- Born: 2 June 1893 Camberwell, English
- Died: 10 August 1974 (aged 81) London
- Occupation: printer
- Known for: T. E. Lawrence

= Herbert John Hodgson =

English printer

Herbert John Hodgson (2 June 1893, Camberwell – 10 August 1974, London) is regarded as one of the most skilled printers of the twentieth century. After serving in the First World War, with Roy Manning Pike he printed the rare 1926 subscribers' edition of Seven Pillars of Wisdom by T. E. Lawrence. From 1927 to 1936 he worked at the Gregynog Press for fine books in mid-Wales.

==Service in the First World War==
Hodgson joined the Territorial Force before the outbreak of war in 1914 and was assigned to the 24th (County of London) Battalion (The Queen’s), The London Regiment. After training he was sent to the front in France. In March 1915 he was in reserve at the battle of Neuve Chapelle. His first front-line engagements were at the battles of Festubert and Givenchy in May 1915. At Givenchy he was part of a group that held a German trench overnight under heavy fire and suffered heavy casualties. Among this group were Lance-Corporal Leonard James Keyworth, who won the Victoria Cross for his role in that engagement, and Captain Donald Figg, who was awarded the Distinguished Service Order for his bravery that night. Hodgson was later involved in the Battle of Loos in September 1915 and the Battle of the Somme in 1916. In 1917 he was slightly injured and he convalesced in England. He married Rebecca Moore in Southwark on 15 September 1917.
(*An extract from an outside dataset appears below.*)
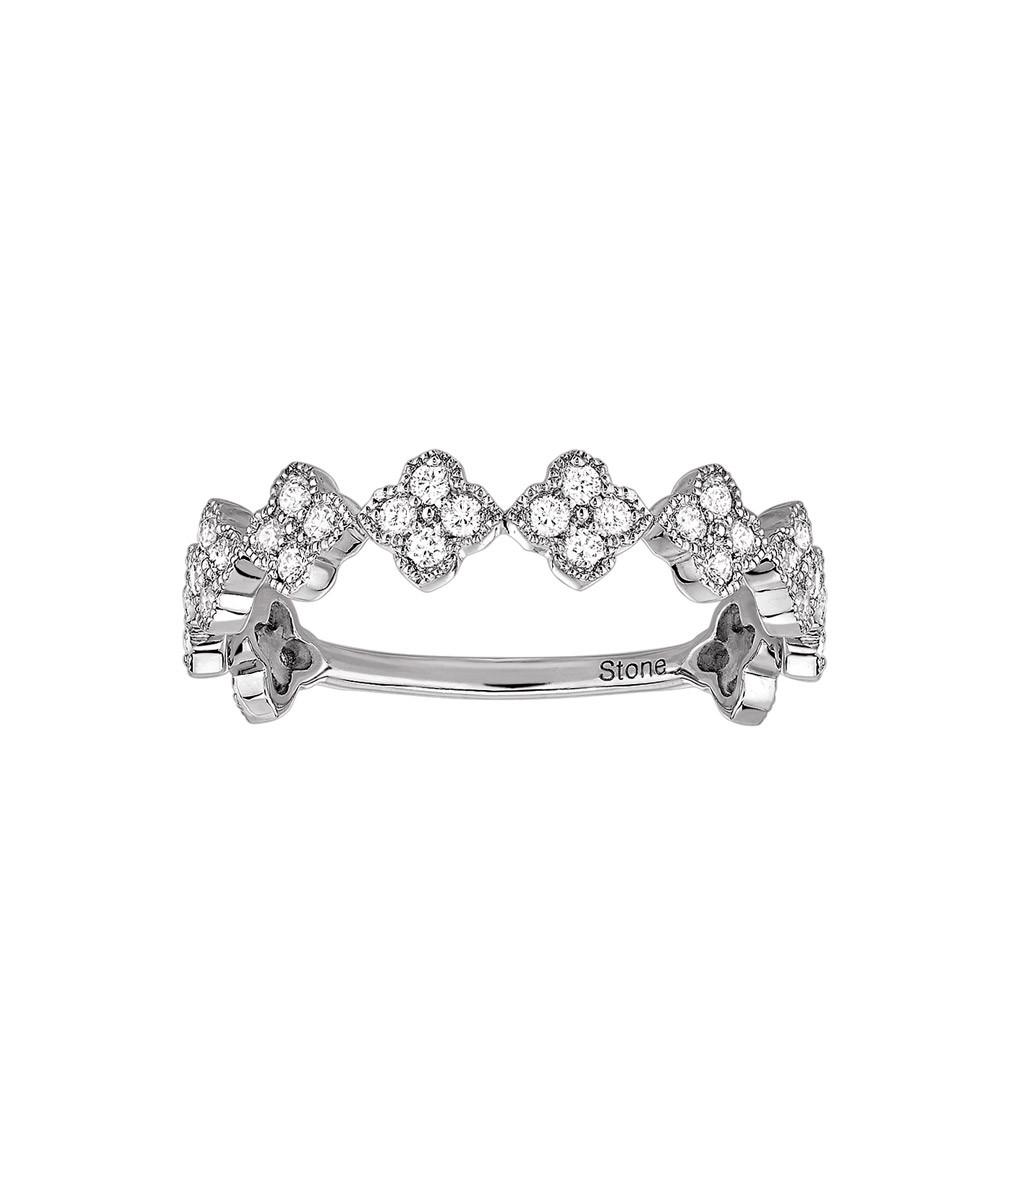 STONE PARIS - Bague Fleurs du Mal Or Diamants

Returning to the front he was transferred to the 9th Royal Irish Fusiliers. As a result of a further engagement in April 1918 east of Wulverghem near Messines he fell into a shell hole and found a mud-encrusted book. He stuffed this into his pocket and carried on, but he was knocked out by a shell explosion. When he became conscious he discovered that the book was a Bible. An officer told him to keep it for luck. 92 years later the original owner of the Bible was traced. Suffering from shell-shock, Hodgson was consigned to light duties for the remainder of the war.

==Seven Pillars of Wisdom==
Trained as a skilled printer, in 1923 Hodgson was contracted by Roy Manning Pike to help print the valuable subscribers' edition of Seven Pillars of Wisdom by T. E. Lawrence. The book had illustrations by Eric Kennington, Augustus John, Paul Nash, Blair Hughes-Stanton and his wife Gertrude Hermes.

==Gregynog Press==
After completing work on the Seven Pillars in 1926 Hodgson moved in 1927 to the Gregynog Press near Newtown, Powys, which specialised in the production of fine books. He remained there urntil 1936.

In her history of the Gregynog Press, Dorothy A. Harrop reports that Robert Maynard (the Controller of the Press) "came to be of the opinion that Hodgson was probably the best pressman in the country at that time. … Hodgson’s name appears for the first time in the Colophon and his masterly touch is already apparent. … The printing of these…… represents a triumph for Hodgson."

==Return to London==
Concerned about the employment prospects of his growing family, Hodgson returned to London in 1936. In the London Blitz he lost one of his sisters. His wife died of cancer in 1956. Hodgson continued to work as a printer until he retired in 1963. He died peacefully in 1974, leaving four sons and a daughter.